How on earth could a cup of coffee come before God? Well if I choose it over him, it’s something I put before him. Correct? #rudeawakening

Perhaps some people “it” happens faster. Perhaps some slower. Could “it” be our chance to make things right with God?
Is “it” simply a #message?

If you think I’m crazy meet my father. He was #stabbed in the heart and lives to tell about it. Rode in the passenger side of a car into a tree and thrown from the #windshield. Told he’d never walk again. The man is here for a #reason. Could God be telling him something that he chooses not to listen to?
Or perhaps he’s telling me something?
Maybe even you?

Addictions. Let’s define it.
Merriam Webster shares it is a strong and harmful need to regularly have something (such as a drug) or do something (such as gamble).

As a Christian, could it simply be something in the way of God reaching us? Something before him? Something the devil has to use against us, but only if we let him?

Could I be addicted to complaining? Could I be addicted to unrest?
Are my migraines simply an outcome of my lack of submission to God’s will on my life? Or are they to keep me in his will and move me along the path he has set out for me without distraction? Could this conversation cause one? Lol maybe. But only if it’s God’s will. As I know he wants me to stay up and write tonight.

So many of us pray for healing, but what if that obstacle we pray to be delivered from us keeps us from problems we couldn’t handle?

“The temptations in your life are no different from what others experience. And God is faithful. He will not allow the temptation to be more than you can stand. When you are tempted, he will show you a way out so that you can endure.” (1 Corinthians 10:13 NLT)

Is it possible, God is reminding me each time I get a migraine of my family history of diabetes? Is it possible I get them because if I could have chocolate I would be forced to fight a much more severe problem?
Is it possible I can’t drink alcohol without an episode, because I have over 10 alcoholics in all sides of my family and upbringing? Is that scientific research of alcoholism being hereditary or is that simply God having a bigger plan and assuring I don’t get lost along the way?
I find it no coincidence I was trashed at the UVA corner, years ago. Woke up completely lost in thought.
Walked into a bathroom and saw my father’s face in the mirror.

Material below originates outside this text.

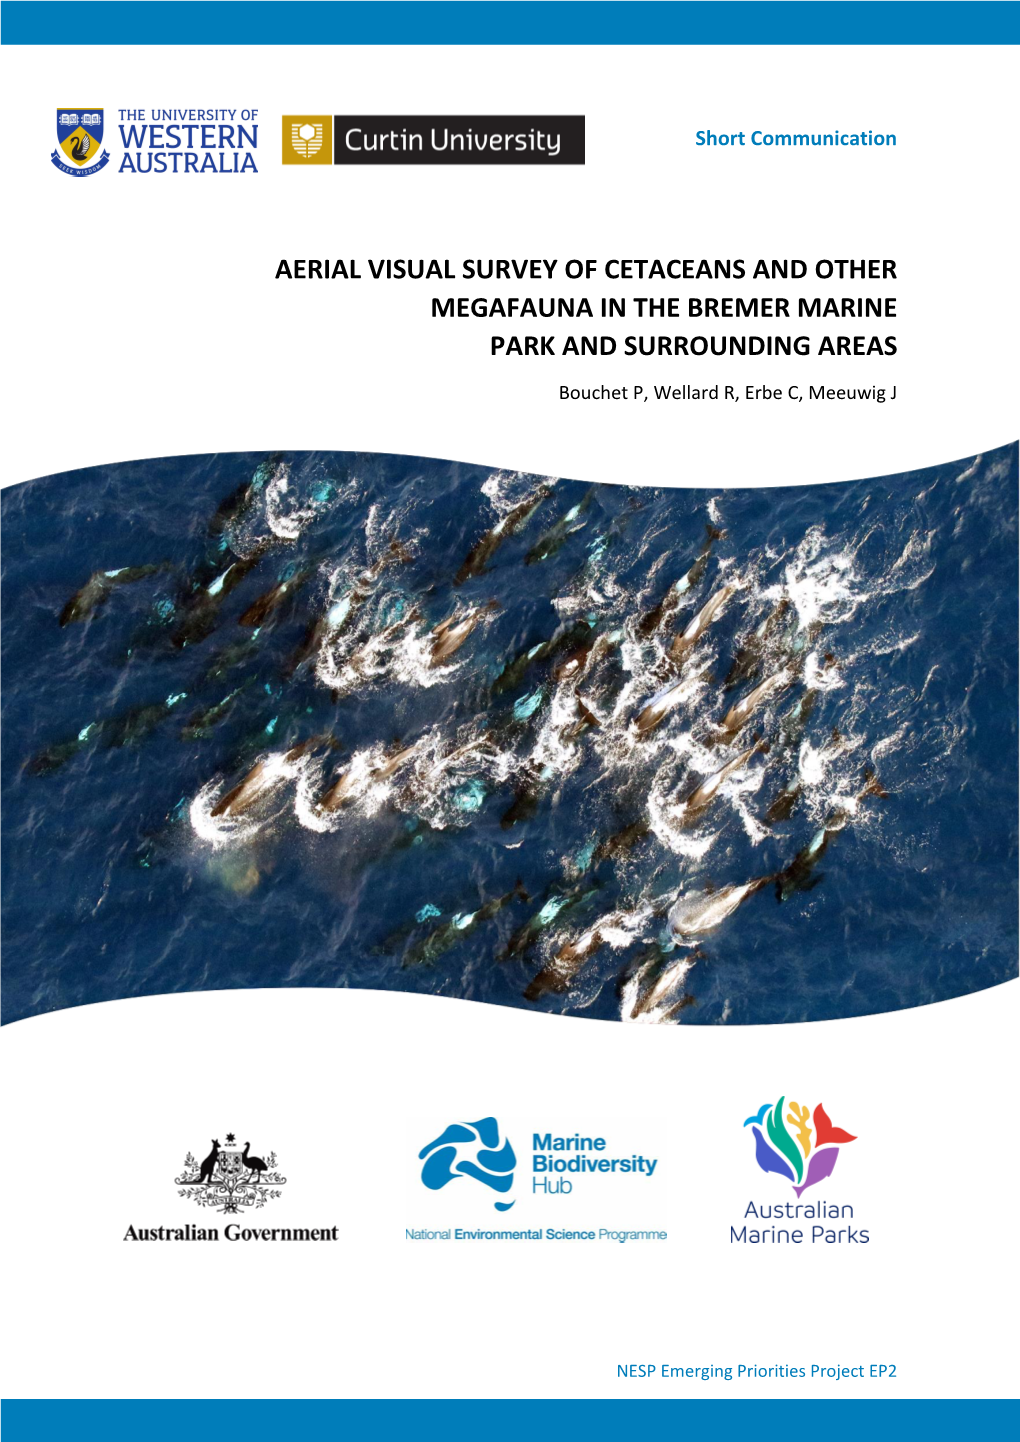 Bouchet Et Al Aerial Visual Survey of Cetaceans Megafauna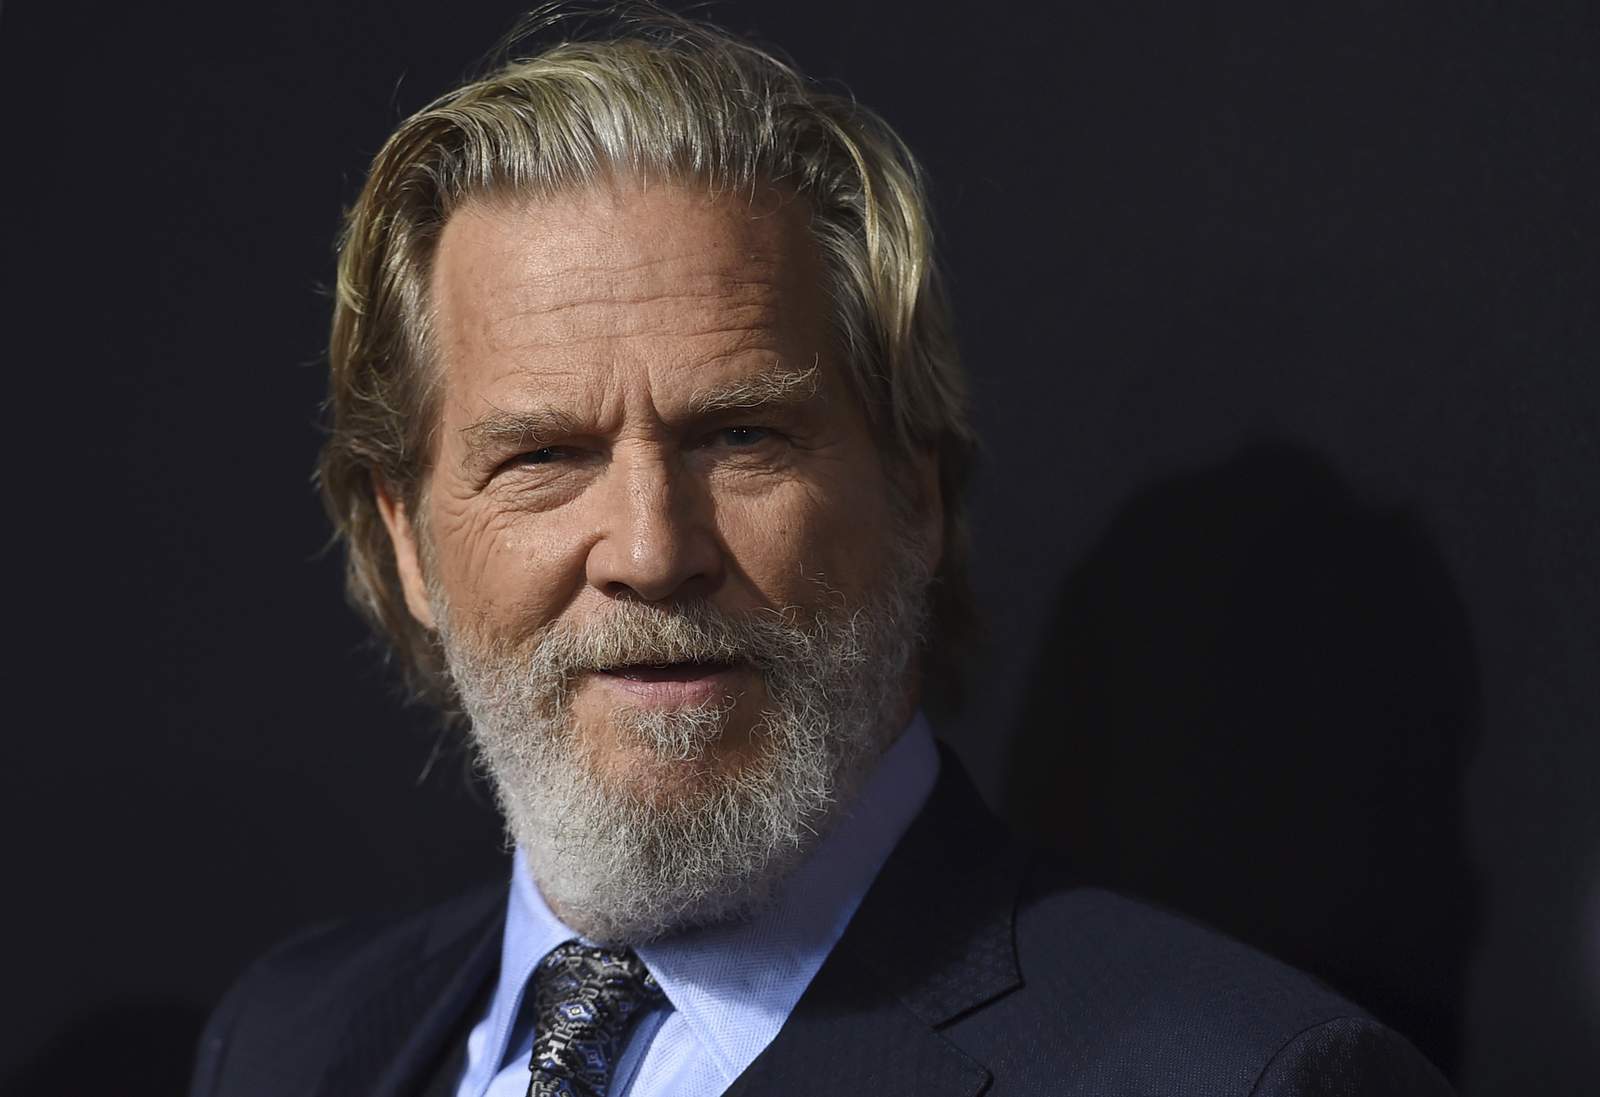 Jeff Bridges says he has lymphoma, cites good prognosis

I understand this message is all over the place. But is it possible we spend so much time organizing we forget to apply wisdom and spread the message to others?

It’s past my bedtime. I’m very tired, however I can’t sleep knowing someone needs this tonight. My body is literally shaking from the providence reassured to me in a 5 minute conversation with a total stranger.
It’s truly a rude awakening.

God gives us such small moments that make huge transitional movements in our life.

Stop praying for something to change and pray for the will to make a change.

I can’t share all my testimony in one writing. Just as you couldn’t read all I’ve been through in one book.
If you never read my blog again, I understand. This had to flow. It was from my heart and I’d rather it be a freed mess than to clot waiting for the perfect moment.

In conclusion, let go of all things and let God. No matter how big or small your obstacle/addiction/distraction may be.. Is it too big for Him? No. Then let it go.